Il pleut. Après le grand stress hydrique de l’été, il pleut.
Les plantes n’ont pas crié pendant les dix semaines où à l’ombre il faisait 38°. Le figuier a perdu ses feuilles et ses fruits en silence. Le chèvrefeuille qui résistait tous les étés sans arrosage, a desséché les deux tiers de ses feuilles, devenues beige-clair et tombant peu à peu sur le sol. Le chèvrefeuille s’est tu sous les 45° pendant dix semaines alors qu’il se mourait, et rien ne dit que les dernières feuilles vivantes vont survivre. On a fait semblant de croire à un capricorne colonisant le tronc étroit, on a quand même fini par arroser, sachant que c’était peine et réserves d’eau perdues. Alors on a fait semblant de croire à l’immortalité du buisson, celui qui fleurit en janvier et bourdonne alors, encore, d’abeilles sauvages. On avait besoin de croire. Les plantes suffoquaient en silence. La nature ne crie pas quand elle meure.

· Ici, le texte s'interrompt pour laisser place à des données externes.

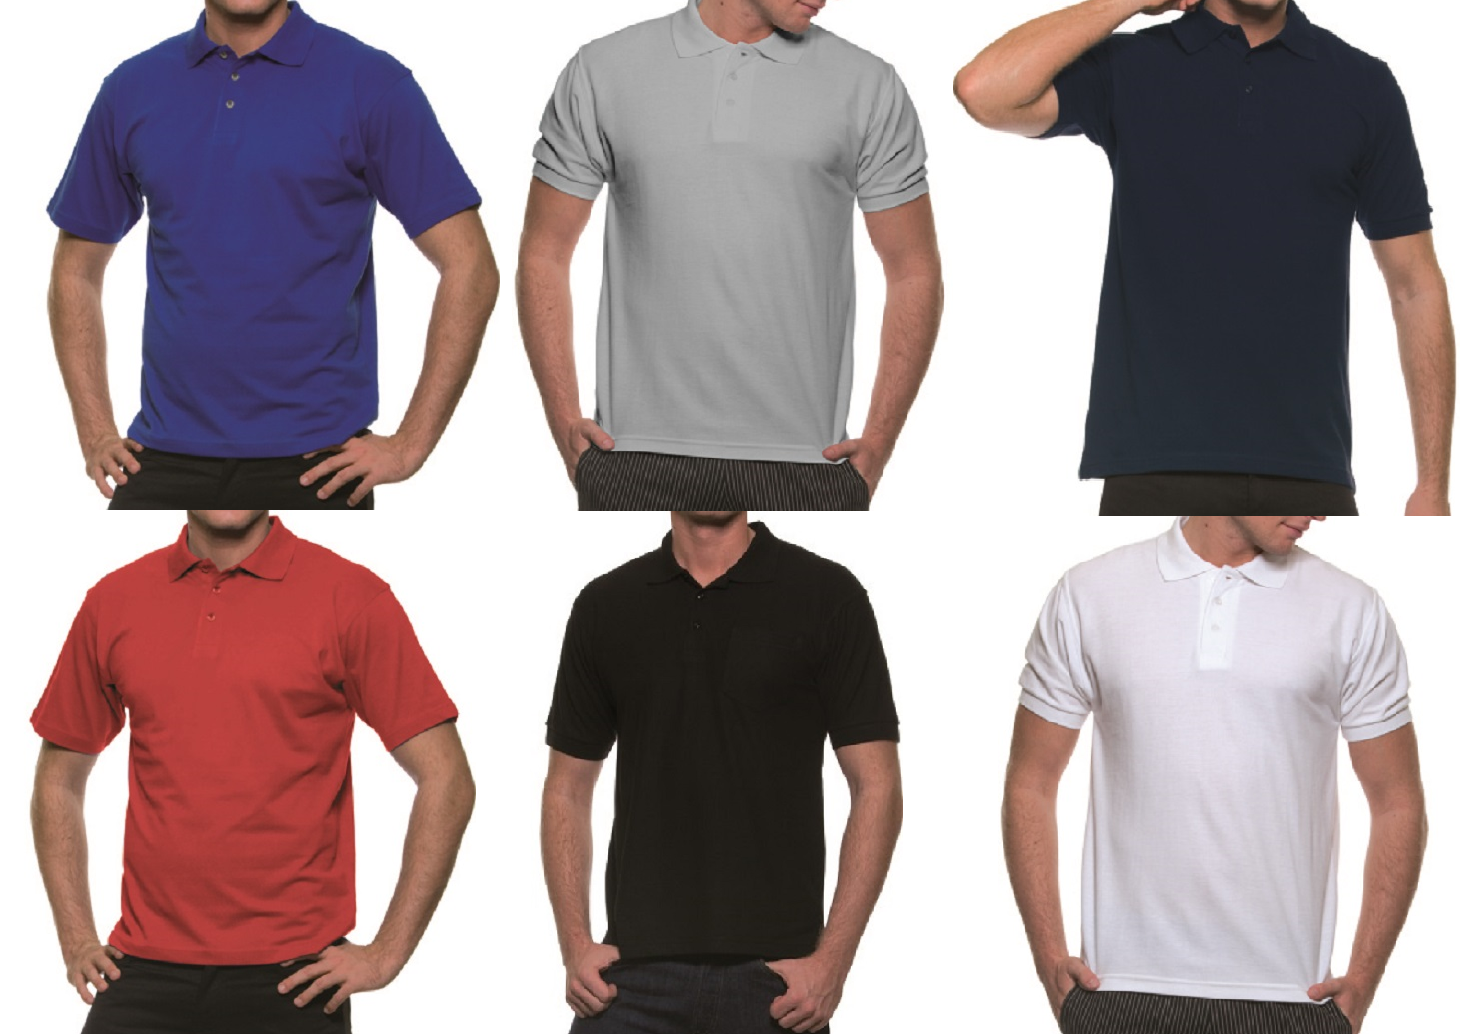 4487de6247d636 Karlowsky Basic Herren Poloshirt Polohemd 6 verschiedene Farben  Dauertiefpreis

Chaque matin, avant le feu de la journée, on s’asseyait au centre de la maison, toutes portes et fenêtres ouvertes. On écoutait. Rien. Ni cri végétal, ni cri animal. On guettait. À l’aurore autrefois, les chants d’oiseaux ébouriffés accueillaient le jour, lissant leurs plumes, sortant de la couvée, charmant leur partenaire, se pavanant et faisant une cour virtuose, mêlant piaillements pépiements trilles cascades et roucoulements. La symphonie de printemps du grand hêtre de Giono : disparue. Silence.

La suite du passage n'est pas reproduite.